Опечалил Дюрера Барент своим непониманием. Долго бродил Альбрехт по Брюсселю, пока не натолкнулся на Якоба Баннизиса. Тот настойчиво стал зазывать к себе на ужин. Отказывался, но от нидерландского гостеприимства не отделаешься. Пришлось все же согласиться. Когда вошел в комнату, где был накрыт стол для гостей, обомлел. И было от чего: стоял перед ним сам Эразм Роттердамский. А он мало того, что пришел с пустыми руками, но не захватил даже карандашей и бумаги. Роттердамский мудрец ведь не из тех, кого каждый день на улице можно встретить. Эразм, однако, заступился за Якоба — сейчас, мол, не расположен позировать. Он лишь на несколько дней приехал из Лувена, где проживает почти безвыездно — стар, слаб и измучен болезнями. Устал с дороги, и вид не таков, чтобы оставлять его на память потомкам. Лучше уж они побеседуют. Но беседы не получилось. Видимо, не только усталостью можно было объяснить, что старательно избегал философ разговоров о Лютере и прочих церковных делах. Почти весь вечер проговорил Эразм о том, как встречают путешественников во Франции, Германии и в других странах, где ему довелось бывать. Как будто это вопрос первостепенной важности. Не понравились Дюреру нападки Эразма на немцев: суровый они народ и, видимо, своих друзей и гостей стремятся приучить к выносливости. На постоялых дворах у них в один зал набивается человек до ста. Едят по-варварски — все за одним столом, покрытым не скатертью, а парусом, содранным с реи. К тому же в Германии полно пьяниц, которые в харчевнях так поют, галдят, пляшут и топают, что сосед не слышит соседа. Он, Эразм, с содроганием вспоминает свои поездки в Германию, поэтому пусть извинит его Пиркгеймер, что он до сих пор не воспользовался его приглашением.

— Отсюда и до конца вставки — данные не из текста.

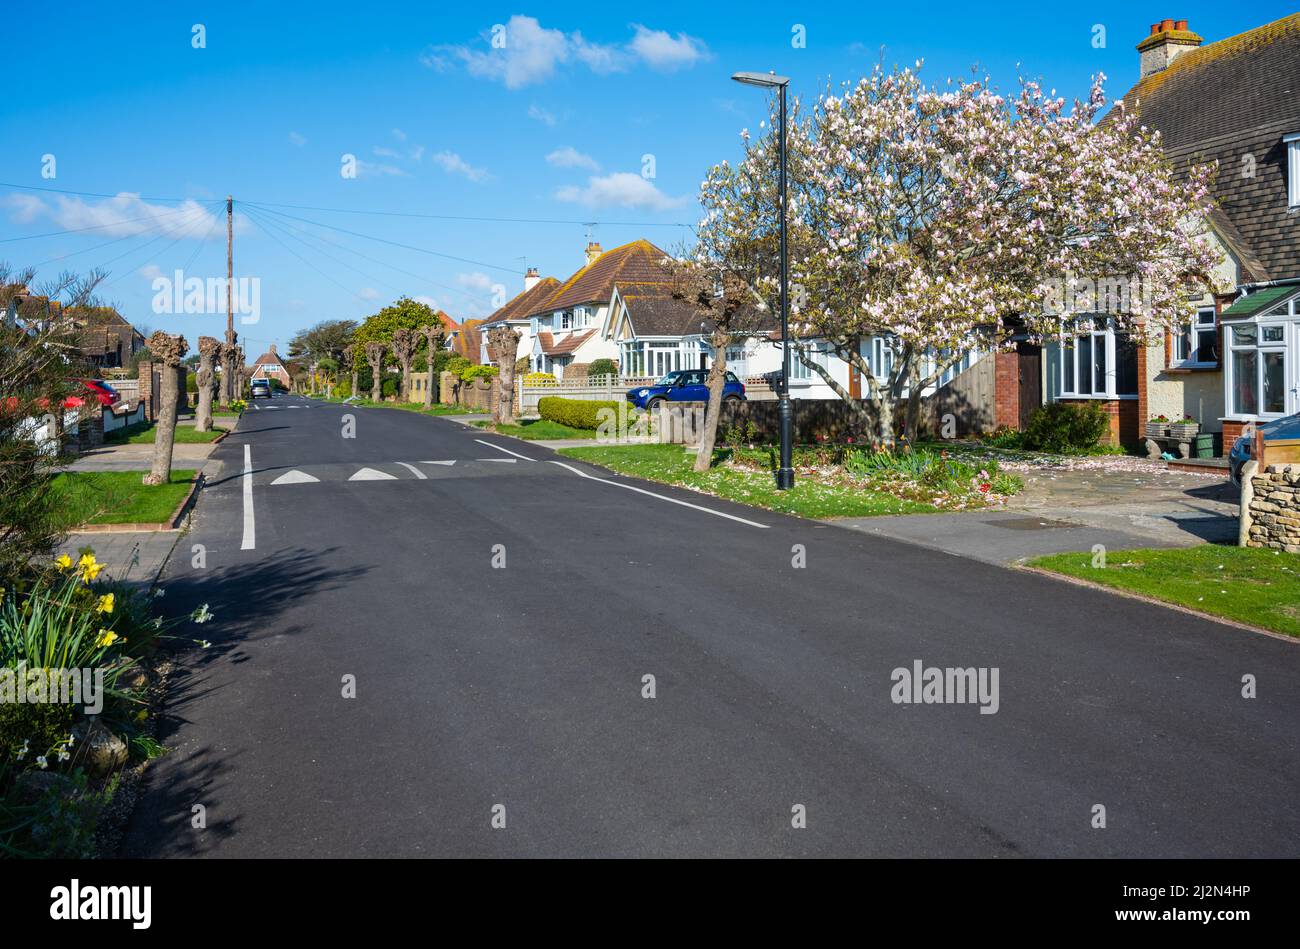 Route sans trottoirs ni pavage avec arbres pollés et arbres avec fleurs et circulation calme ralentisse dans une route résidentielle tranquille à West Sussex, Royaume-Uni Banque D'Images

Вот, пожалуй, и все, чем счел нужным поделиться с ними Эразм. Подумал Дюрер: правду говорят, что великих людей лучше созерцать издали, вблизи же они зачастую хуже обыкновенных смертных. Но после того как Эразм ушел, взял его Баинизис под защиту: опасается, дескать, философ изгнания из Нидерландов, боится жить в Германии, предчувствуя великую смуту. И в разговор о Лютере зря Дюрер пытался его втянуть. Травят сейчас Эразма, будто именно он проложил дорогу немецкой ереси. Доминиканцы и кармелиты предают его имя анафеме. Хотят, чтобы он осудил Лютера. Он же молчит.

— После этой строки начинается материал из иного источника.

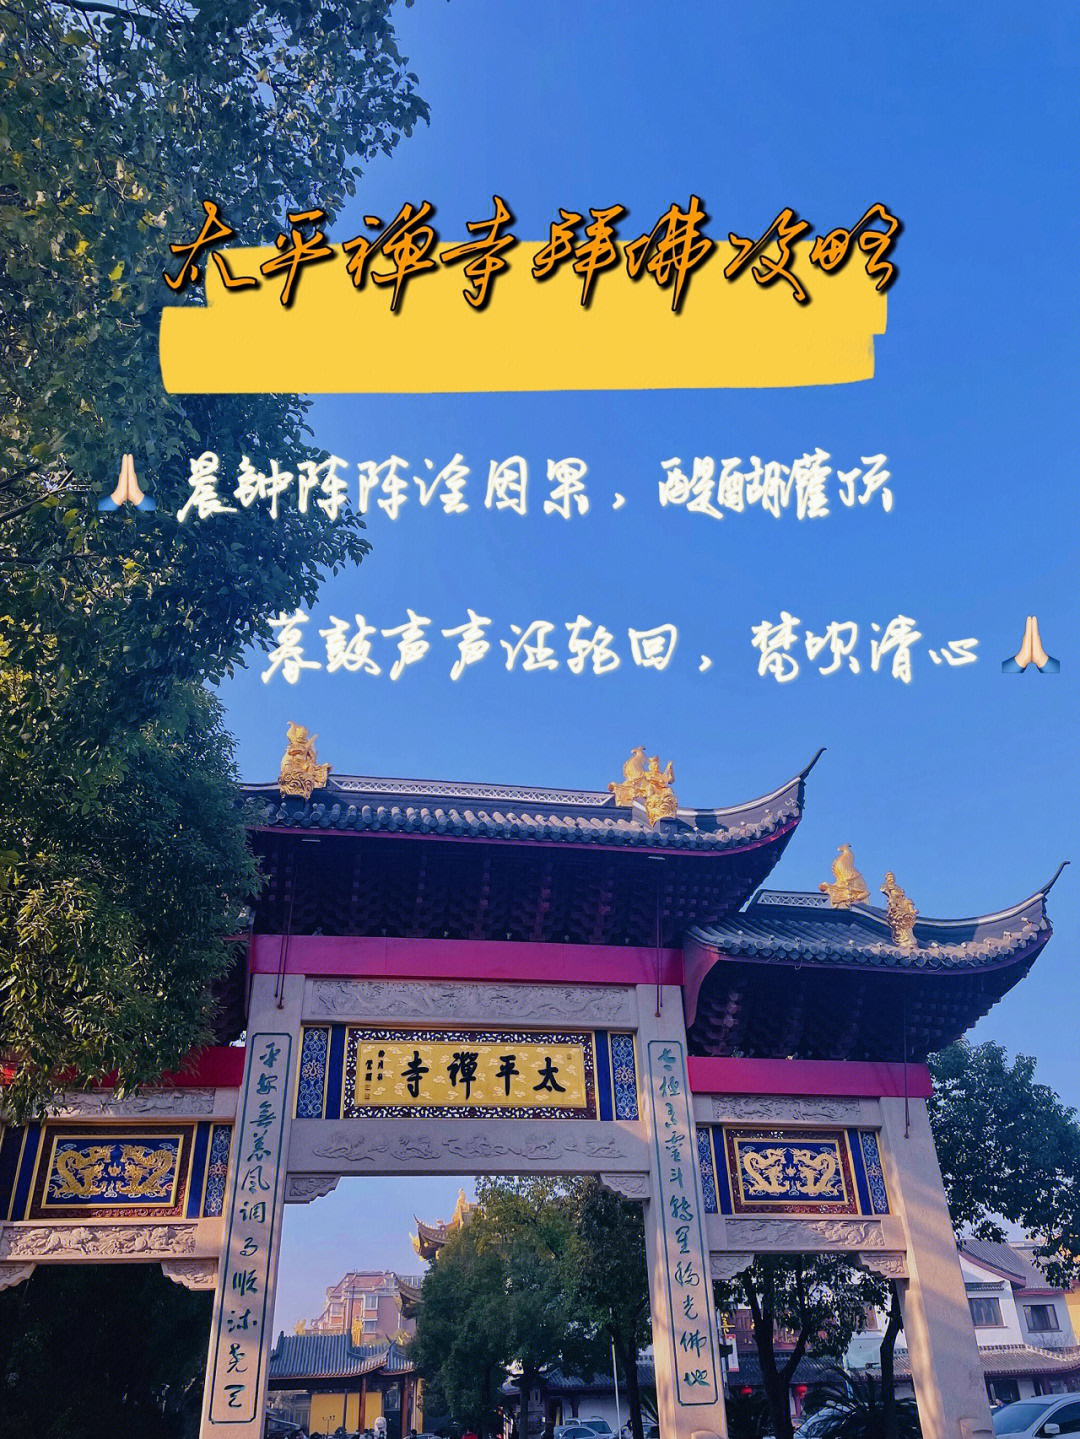 上海周末太平禅寺梵呗清心

На следующий день вместе с верным Томмазо покинул Дюрер Брюссель. На память о нидерландской столице купил мастер за три штюбера два буйволовых рога в серебряной оправе да еще две книги о похождениях Тиля Уленшпигеля. По дороге в Мехельн Томмазо все твердил, что едут они зря. Сейчас, накануне коронации, перед дверями кабинета наместницы полным-полно посланников и вельмож. Тут простым смертным не пробиться! Дюрер был и сам того же мнения, успел понять, что не до него сейчас Маргарите. Тем не менее путь свой в Мехельн продолжил. Ведь все может быть!